The fact that the “Messiah” was proven to be a fake was obviously unacceptable to the violin trade, and though my findings regarding provenance and the falsified inscription were swept under the carpet, the date discovered by Klein and confirmed by Kuniholm had to be refuted.  A British violin maker and amateur dendrochronologist named John Topham stepped forward and claimed to have discovered an earlier date, 1682, which was consistent with the putative date of the “Messiah,” 1716.  The non-standard technique that he employed made use of a so-called “floating chronology” derived from two other instruments attributed to Stradivari.  This floating chronology was ostensibly fixed in time by cross-dating it with a master chronology, but that floating chronology only extended to 1685, which prevented Topham from discovering a later date having a better statistical match.


The Violin Society of America decided to resolve the issue of the two conflicting dates by engaging Dr. Henri Grissino-Mayer, a dendrochronologist at the University of Tennessee.  In his preliminary workup using a public-domain master chronology from the alpine region, he admitted that he had confirmed Klein’s findings, but for some reason he decided to reject that date.  Though one would assume that he would work independently of Topham, the two teamed up at the Ashmolean Museum, and Grissino-Mayer adopted Topham’s “floating chronology,” thereby arriving at precisely the same date as Topham. They published together in the journal Dendrochronologia in 2009.  

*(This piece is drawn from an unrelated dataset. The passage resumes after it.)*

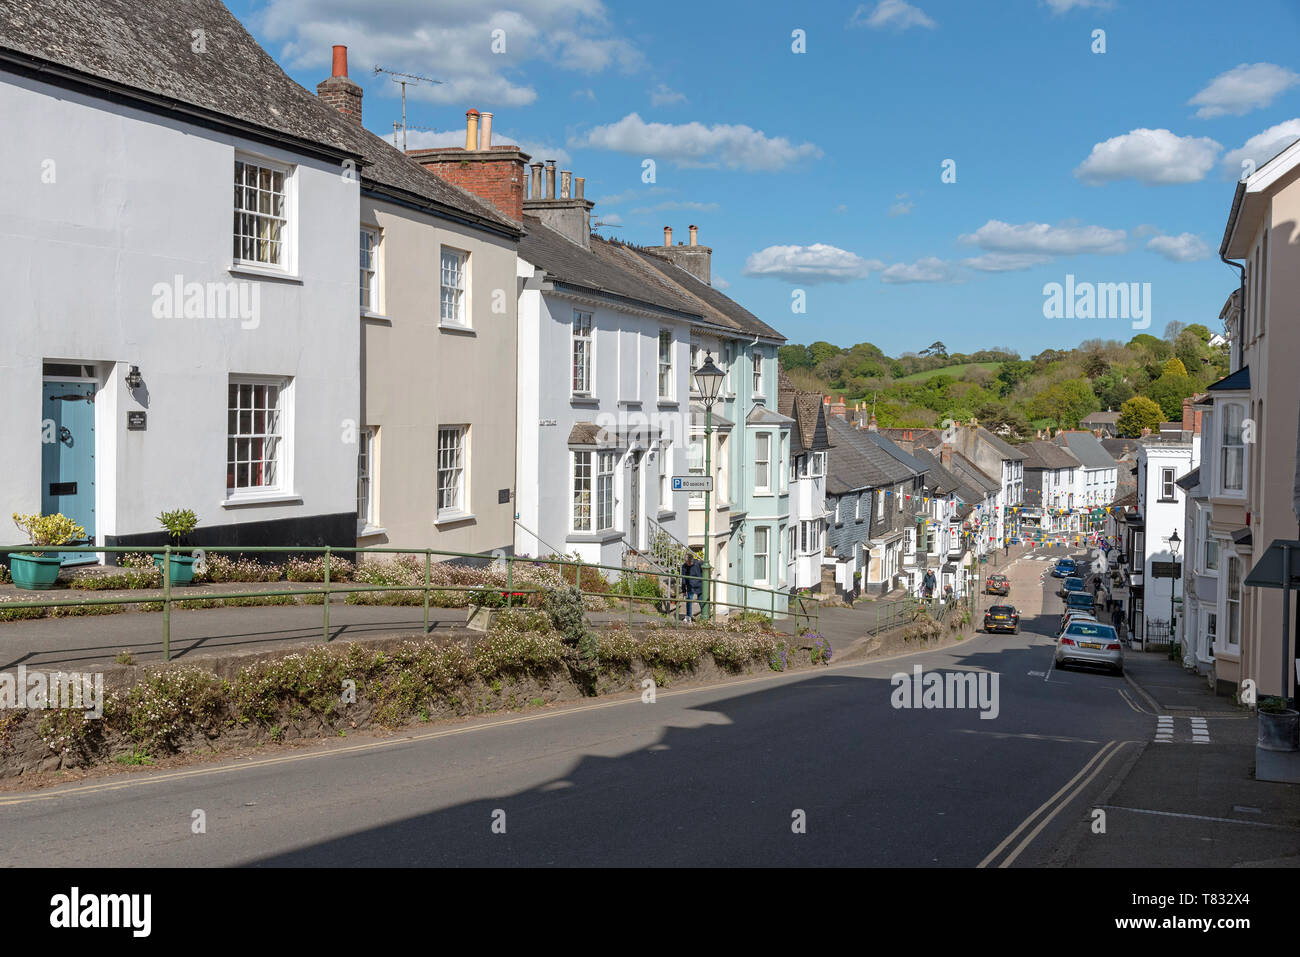 Modbury, South Devon, England, UK. May 2019. The market town of Modbury viewed from the west looking downhill to the town centre Stock Photo

In an article on the dendro-dating of the “Messiah” published in the Journal of the Galpin Society in 2002, Topham is quoted as having stated that the wood used to make the “Messiah” probably came from the Oetztal Alps in Austria.  This statement intrigued me, so I compared the year-ring measurements of the “Messiah” with a master chronology from that region, the Siebenlist-Oetztal chronology, and found that the date of 1682 achieves a match of 47% for the violin’s treble side and 52% for the bass side—neither of which remotely qualifies as a match, whereas there is a very compelling 65% match for the date 1774.


In conclusion, I would strongly suggest that “scientific studies” of musical instruments, and especially those involving the violin, be given great scrutiny, even when they have been conducted at great institutions of learning, underwritten by august societies, and published in respected journals and museum catalogues.
 

Ultra-violet fluorescence photomicrograph of a cross section of a chip of wood from a Stradivari cello dated 1736 showing two distinct layers of varnish applied directly to the wood. No particulate ground can be seen in this or other samples studied by Stewart Pollens.